Miriam waved at the ticket office. "He's not lying about my cousin: she's on her way. Trouble is, if we bug out before she gets here she's going to walk into
them.
So I think we ought to sit tight." She closed the door anyway, and glanced round, looking for something to bar it with. "I can get us both out of here in an emergency," she said, a moment of doubt cutting in when she recalled the extreme nausea of her most recent attempts to world-walk.

The first car-
more like a steam-powered minivan,
Miriam noted-rounded the back of the station and disappeared from sight. Almost two minutes had passed since they reached the station. Miriam slid aside from the windows, while Burgeson did likewise. Boots thudded on the ground outside: the only sounds within the building were the pounding of blood in her ears and the quiet sobbing of the ticket inspector.

"Mr. Burgeson!" The voice behind the bullhorn sounded almost jovial: "And the mysterious Mrs. Fletcher! Or should I say,
Beckstein?"
He made it sound like an accusation. "Welcome to California! My colleague Inspector Smith has told me all about you both and I thought, why, we really ought to have a little chat. And I thought, why not have it somewhere quiet-like, and intimate, instead of in town where there are lots of flapping ears to take note of what we say?"
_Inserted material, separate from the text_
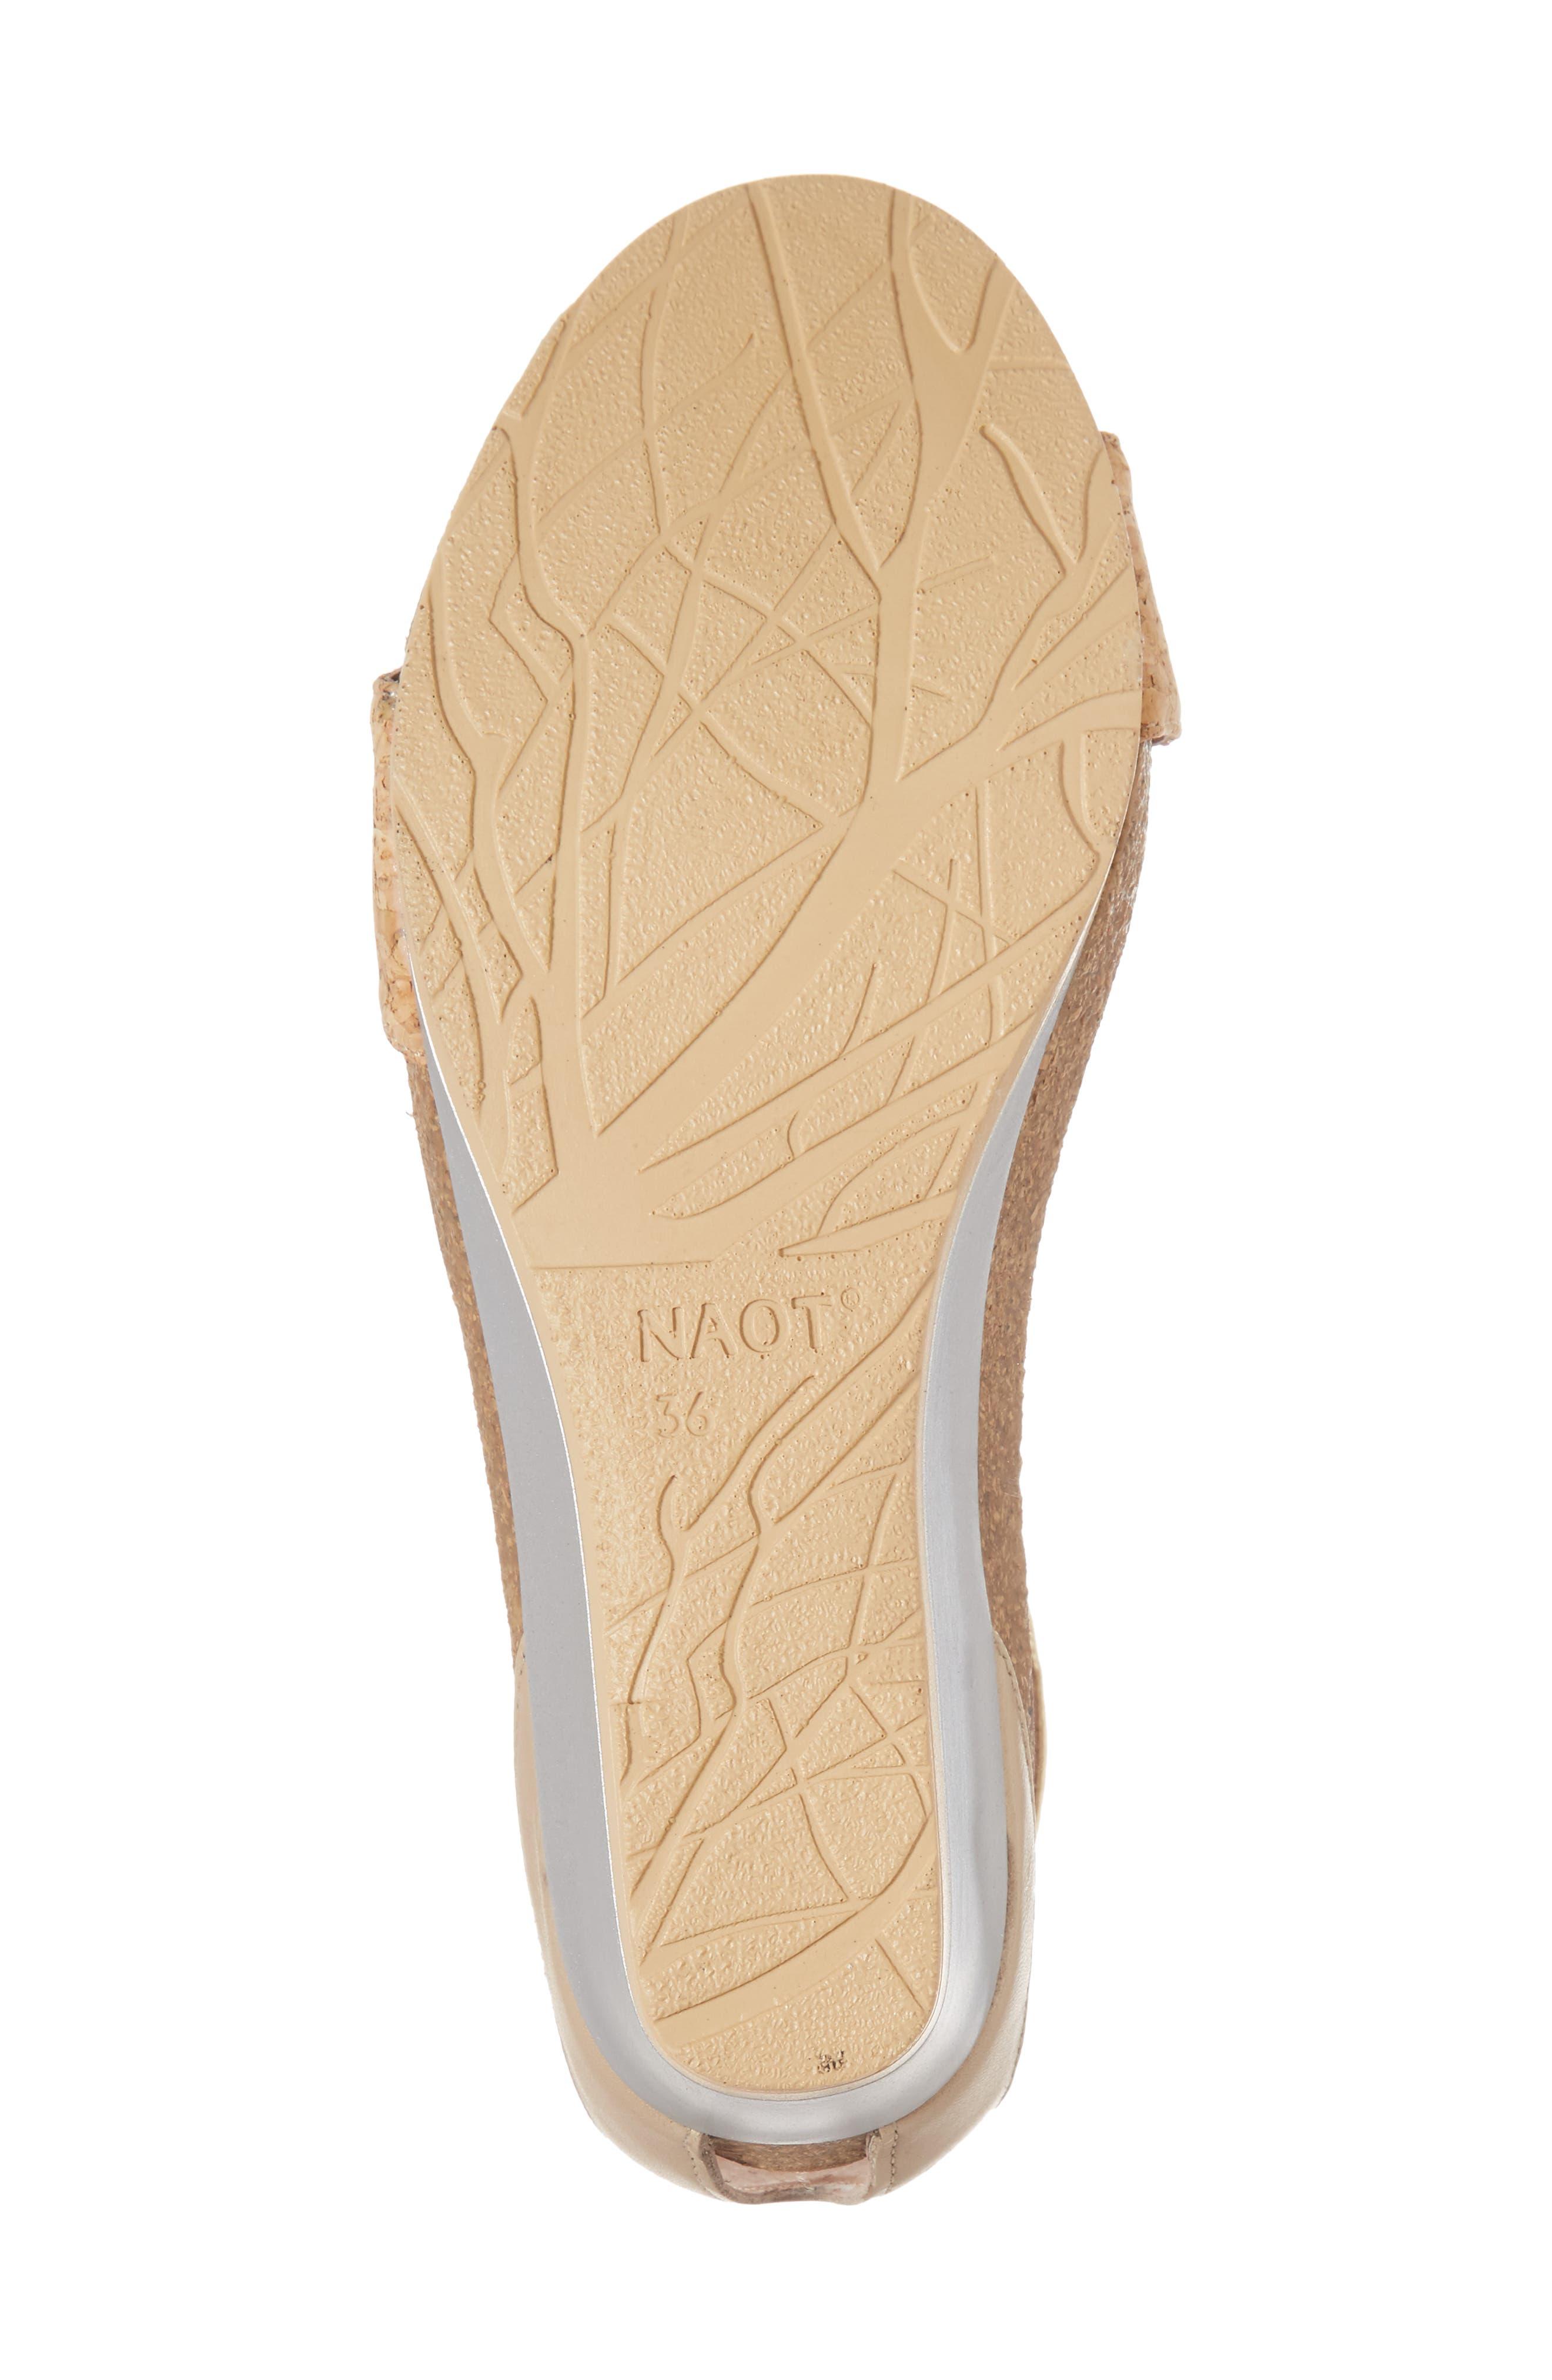 'Pixie' Sandal,                             Alternate thumbnail 6, color,                             Cork Leather

Across the room, Burgeson was mouthing something at her. His face was in shadow, making it hard to interpret. The inspector knelt in the middle of the floor, in a square of sunlight, sobbing softly as he rocked from side to side wringing his hands. The appearance of the Polis had quite unmanned him.

"Like this: parlez vous Francoise, Madame Beckstein?"

Miriam felt faint.
They think I'm a French spy?
Either the heat or the tension or some other strain was plucking her nerves like guitar strings. Somehow Erasmus had fetched up almost as far away as it was possible to get, twelve feet away across open ground overlooked by a window. To get him out of here one or the other of them would need to cross that expanse of empty floor, in front of-

The ticket inspector snapped, flickering from broken passivity to panic in a fraction a second. He lurched to his feet and ran at the window, screaming,
"Don't hurt me!"

Erasmus brought his right hand up, and Miriam saw the pistol in it. He hesitated for a long moment as the inspector fumbled with the window, throwing it wide and leaning out.
"Let me
-" he shouted: then a spatter of shots cracked through the glass, and any sense of what he had been trying to say.

The bullhorn blared, unattended, as the inspector's body slumped through the half-open window and Miriam, seeing her chance, ducked and darted across the room, avoiding the lit spaces on the floor, to fetch up beside Burgeson.